- _What is expected_:
Once the line holding "Custom Mahogany Double Pedestal Dining Table" is found in the listing below, write it out and each later line exactly, up to and including the one holding "[해외] LEGO (레고)".

- _Records supplied_:
- Opening Delimiter -

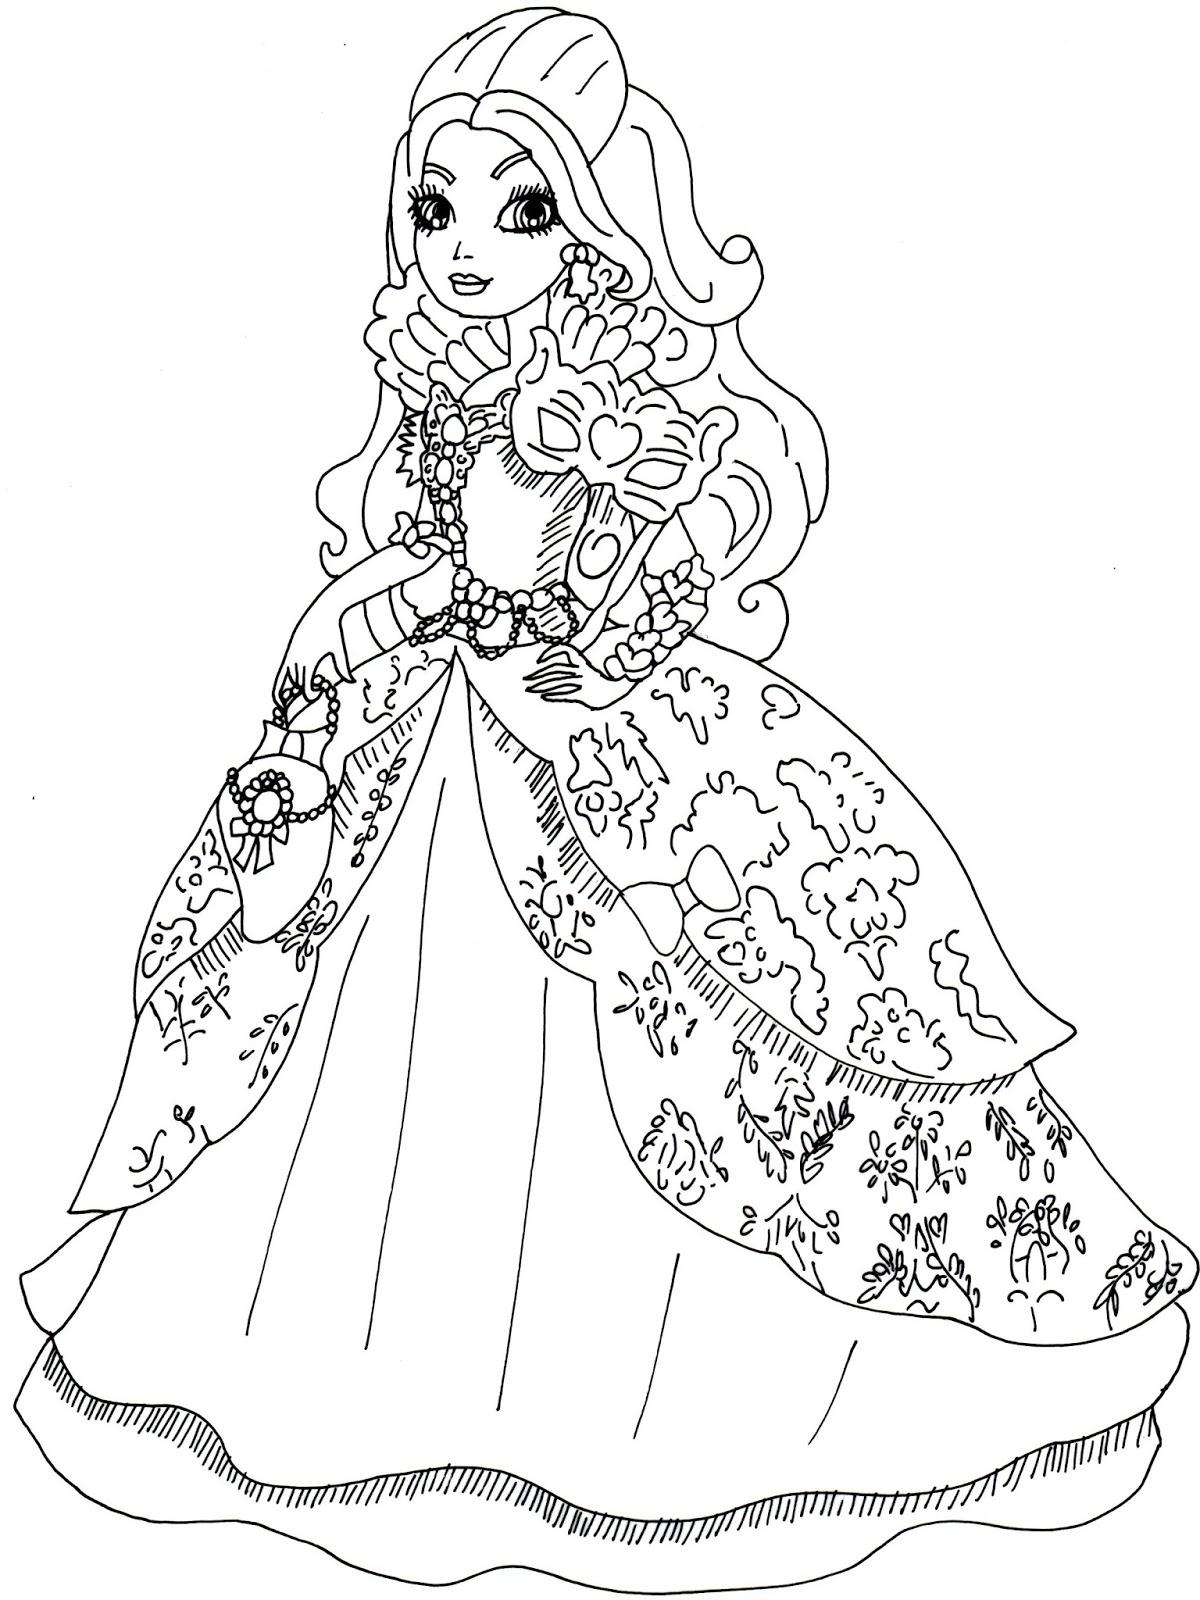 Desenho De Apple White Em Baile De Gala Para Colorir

- Closing Delimiter -
- Opening Delimiter -

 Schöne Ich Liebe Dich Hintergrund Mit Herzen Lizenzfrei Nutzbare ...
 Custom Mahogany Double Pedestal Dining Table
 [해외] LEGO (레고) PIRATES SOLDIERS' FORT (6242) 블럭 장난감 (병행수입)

- Closing Delimiter -

- _Result for this exercise_:
 Custom Mahogany Double Pedestal Dining Table
 [해외] LEGO (레고) PIRATES SOLDIERS' FORT (6242) 블럭 장난감 (병행수입)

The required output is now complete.